1 interpolation (base class)

This class holds a reference to a volume field, and explicitly holds references to some of its components. It is an abstract base class that provides an interface for the other classes in this family.

2 interpolationCell

This class is an implementation of a nearest-cell interpolation, and although it appears trivial (i.e. interpolating to the nearest cell in a class that requires the cell index as a parameter!), when loaded by runTime selection by a post-processing utility, this class basically turns off interpolation.
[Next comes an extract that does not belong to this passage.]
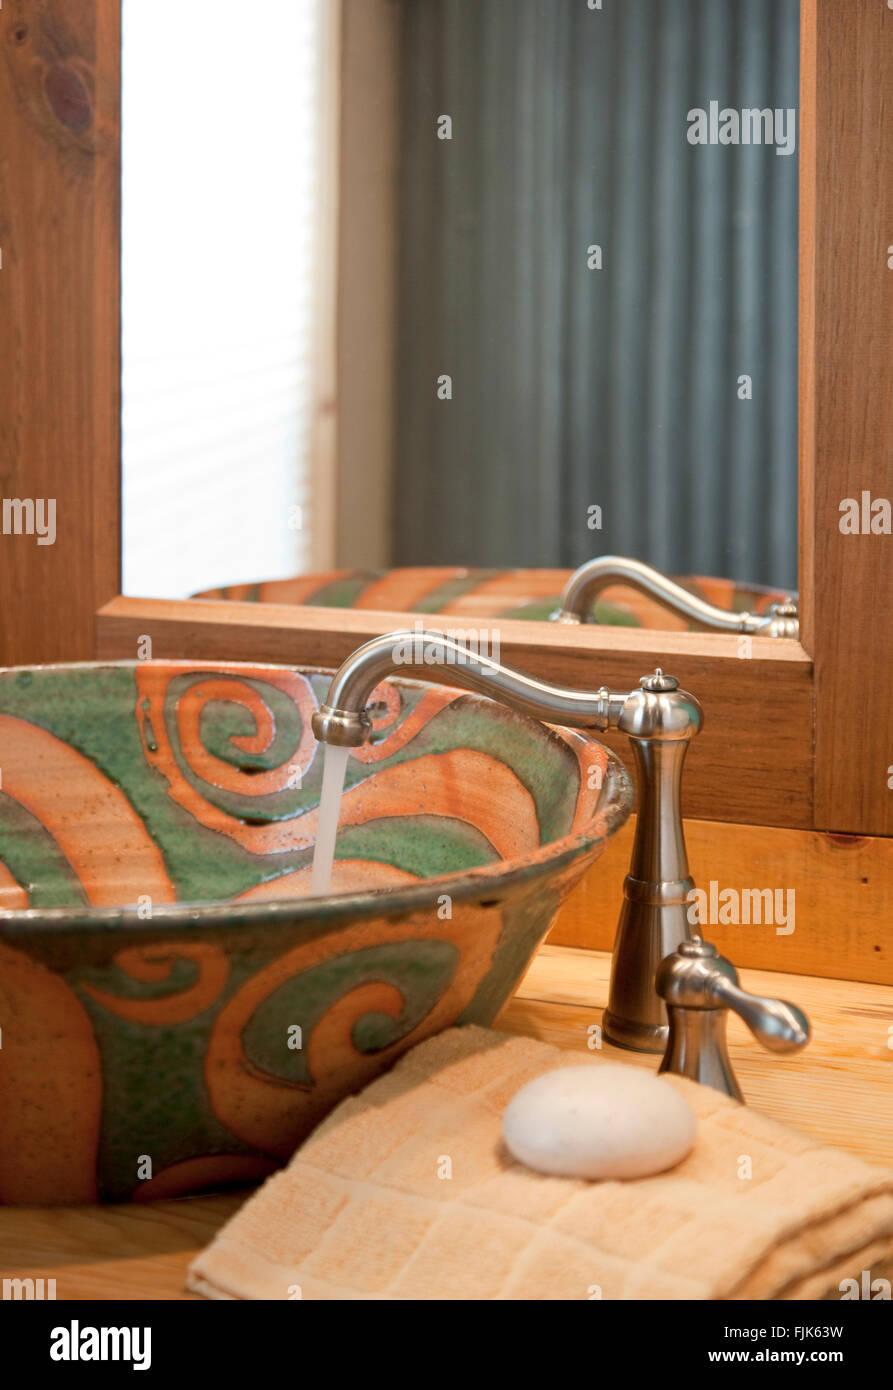 L'eau courante à partir d'un robinet en acier inoxydable dans un évier en céramique fait main, serviette et un miroir dans une salle de bains salle d'eau accueil créative vanity Banque D'Images

There are no explicit manifestations of this class in OpenFOAM - it is loaded exclusively by runTime selection.

3 interpolationCellPoint

Interpolate to an arbitrary location within a cell. This class works by:

  • breaking each face down into triangles;
  • defining tetrahedra using these triangles and the cell centre-point;
  • cycling through all tetrahedra to find which encloses the arbitrary point; and
  • using inverse distance weights to perform linear interpolation.

4 interpolationCellPointFace

Given an arbitrary point within the cell, find the nearest point on one of its faces. This class works by:

  • finding a candidate face by projecting a line from the cell-centre through the arbitrary point;
  • decomposing the cell face into traingles that include the face centre-point and two vertices;
  • defining tetrahedra using these triangles and the cell centre-point;
  • searches for the tetrahedron enclosing the point;
  • if this fails, it repeats this for all faces;
  • if the face is not an empty fvpatch, it returns the normal projection of the point onto the selected face;
  • if the face is an empty fvpatch, it returns the cell centre instead.